--- Provided material Enclosed Below ---
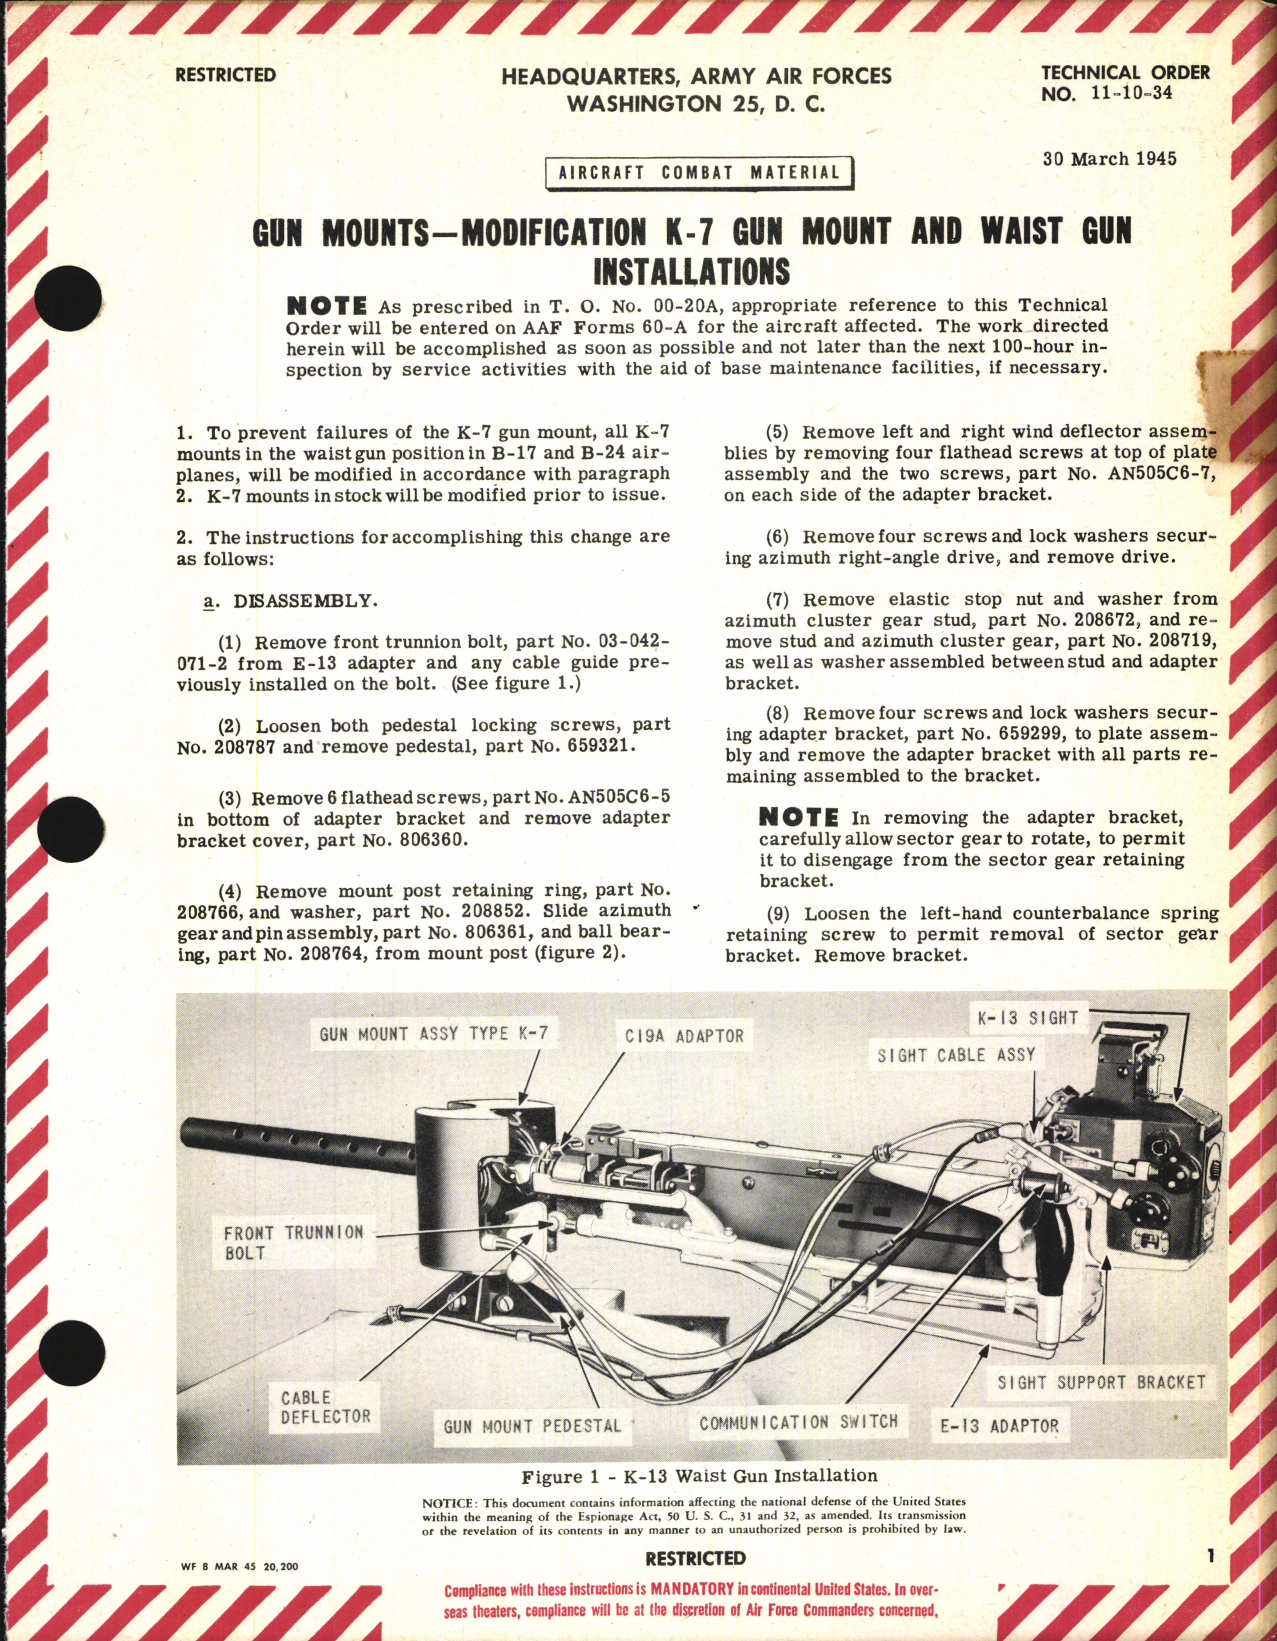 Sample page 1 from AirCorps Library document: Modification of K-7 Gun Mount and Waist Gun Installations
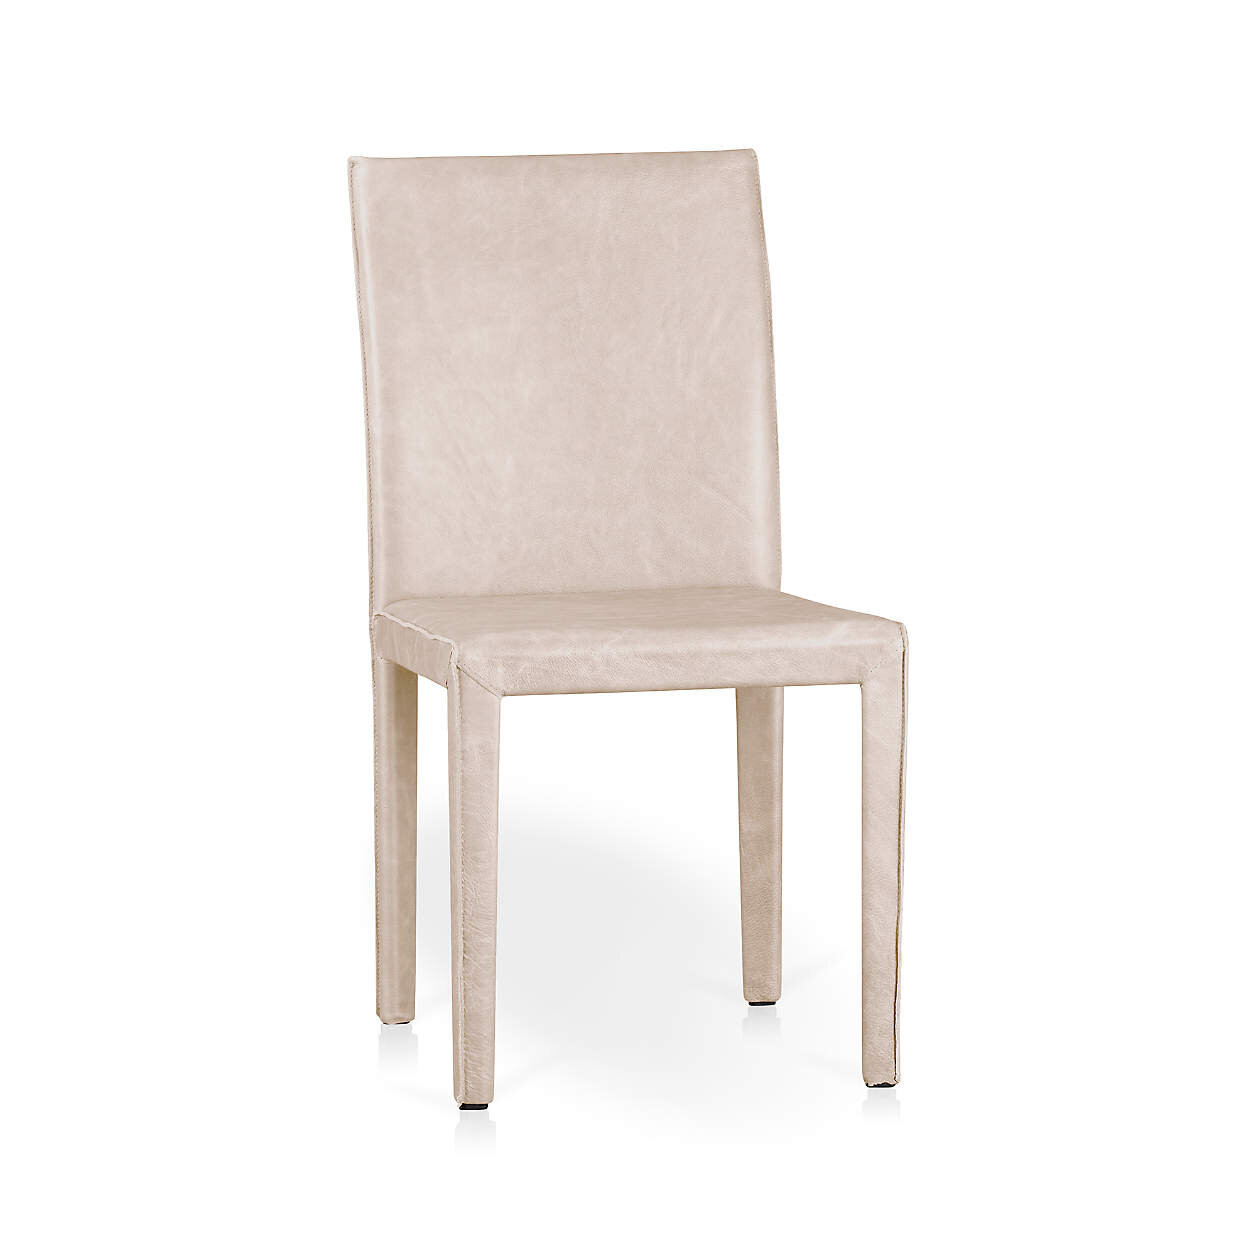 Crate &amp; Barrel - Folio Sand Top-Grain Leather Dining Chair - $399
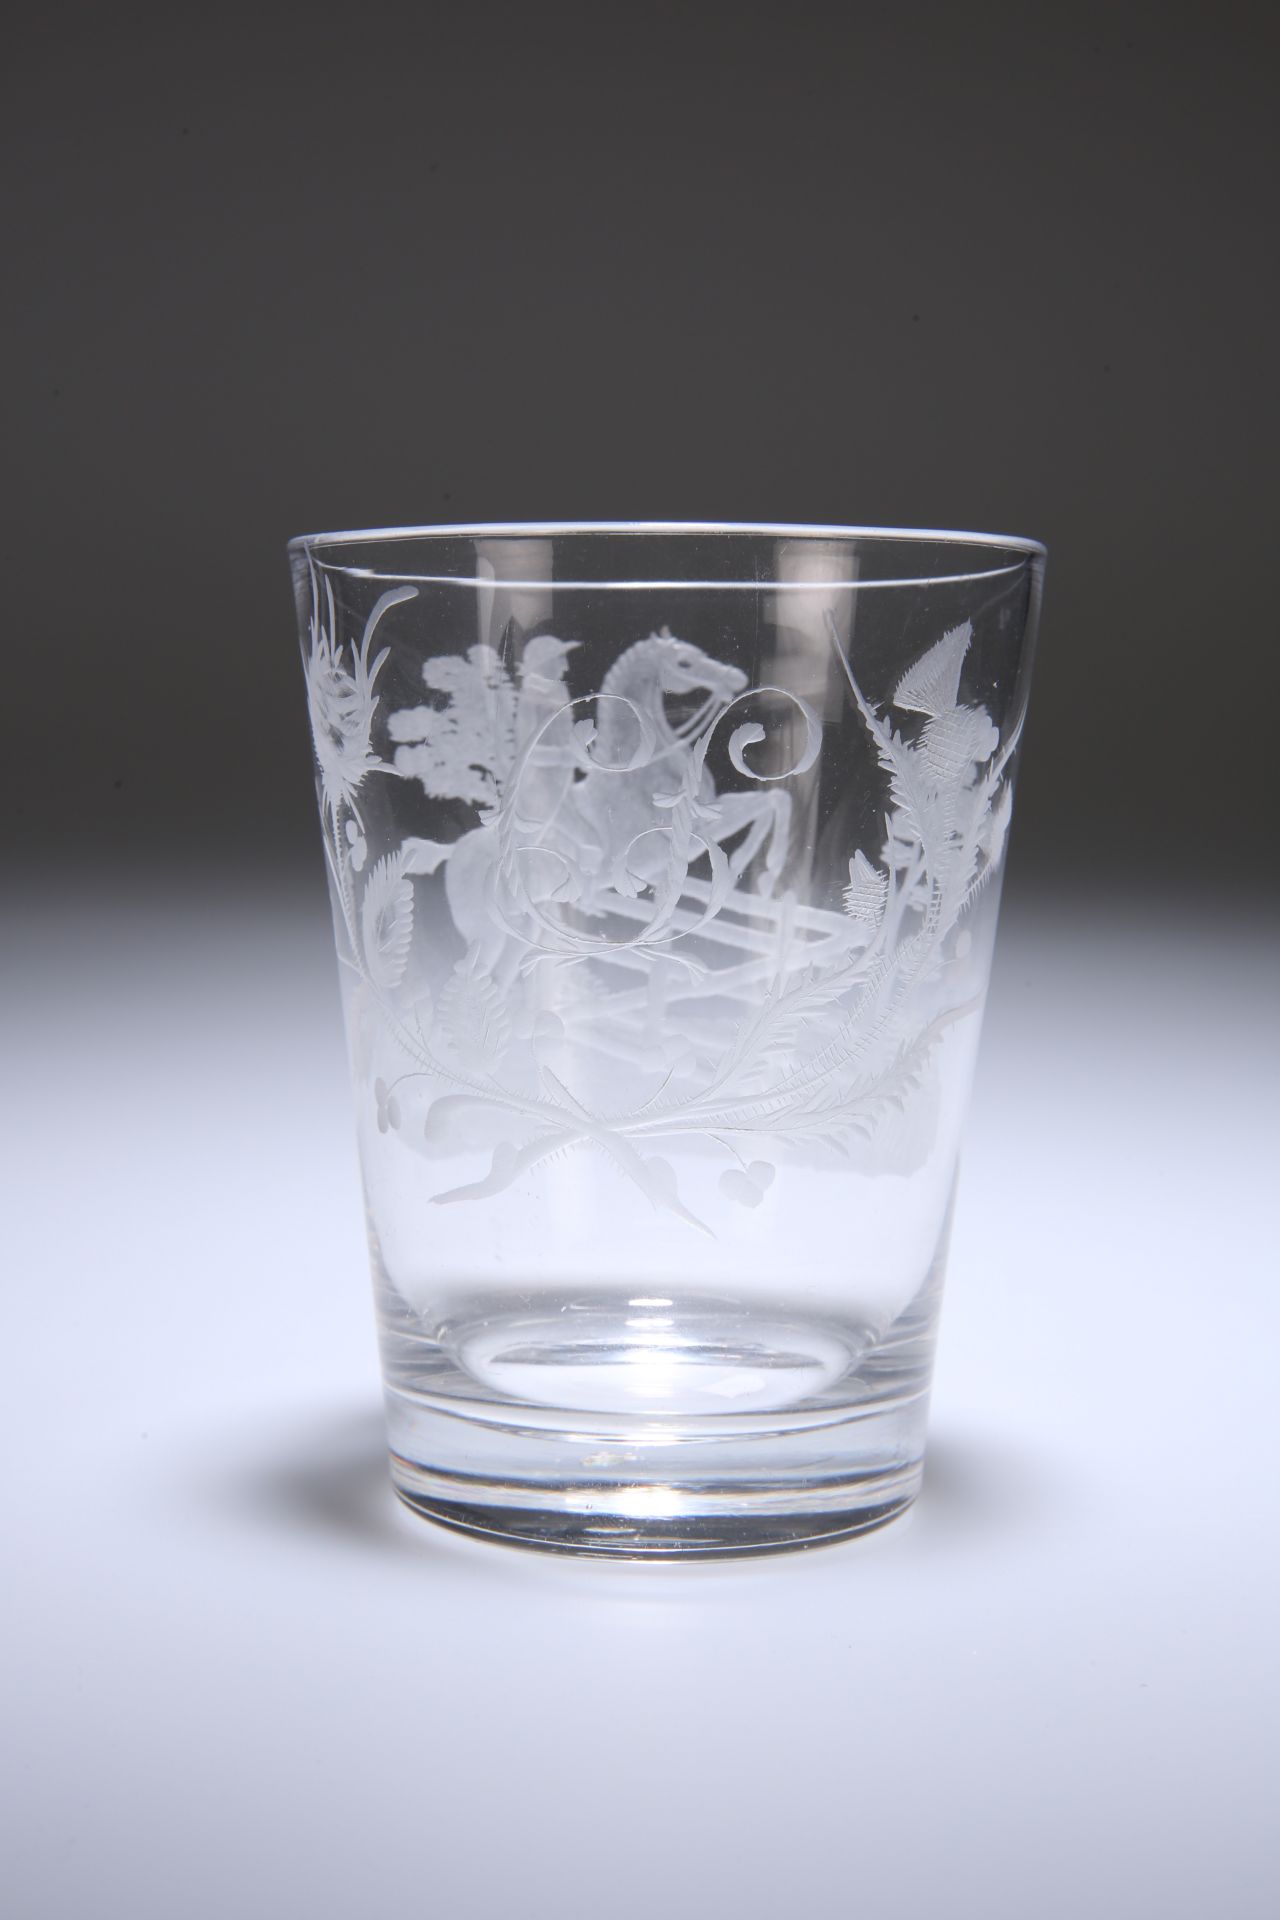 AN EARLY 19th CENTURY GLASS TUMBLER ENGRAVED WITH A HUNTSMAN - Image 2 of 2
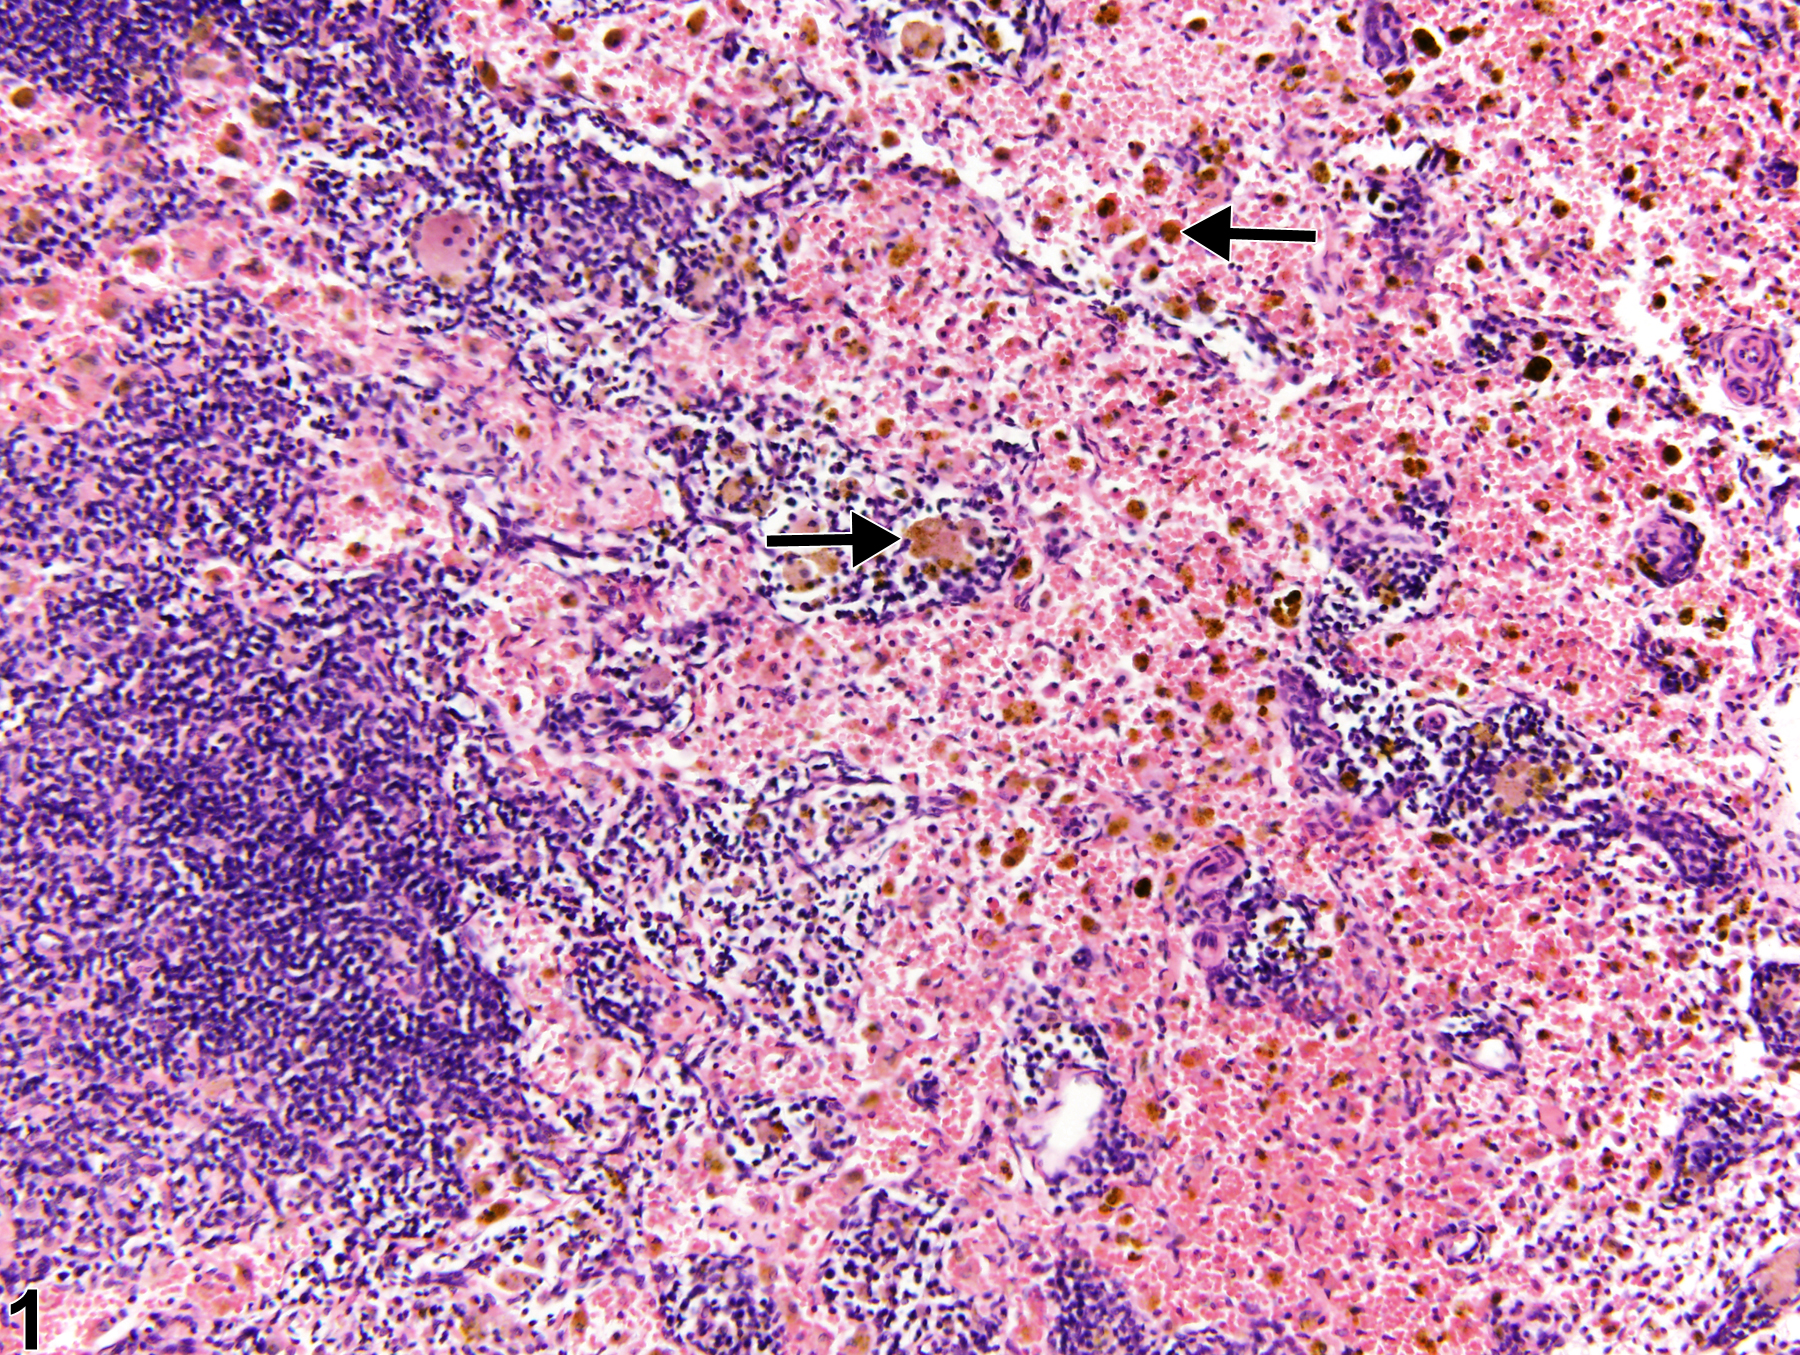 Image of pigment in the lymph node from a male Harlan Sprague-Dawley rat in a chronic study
--- End of Enclosed Provided material ---
**What the task asks:** Give the material again exactly as it is, but keep the pictures out.

**Response area:**
 Sample page 1 from AirCorps Library document: Modification of K-7 Gun Mount and Waist Gun Installations
 Crate &amp; Barrel - Folio Sand Top-Grain Leather Dining Chair - $399
 AN EARLY 19th CENTURY GLASS TUMBLER ENGRAVED WITH A HUNTSMAN - Image 2 of 2
 Image of pigment in the lymph node from a male Harlan Sprague-Dawley rat in a chronic study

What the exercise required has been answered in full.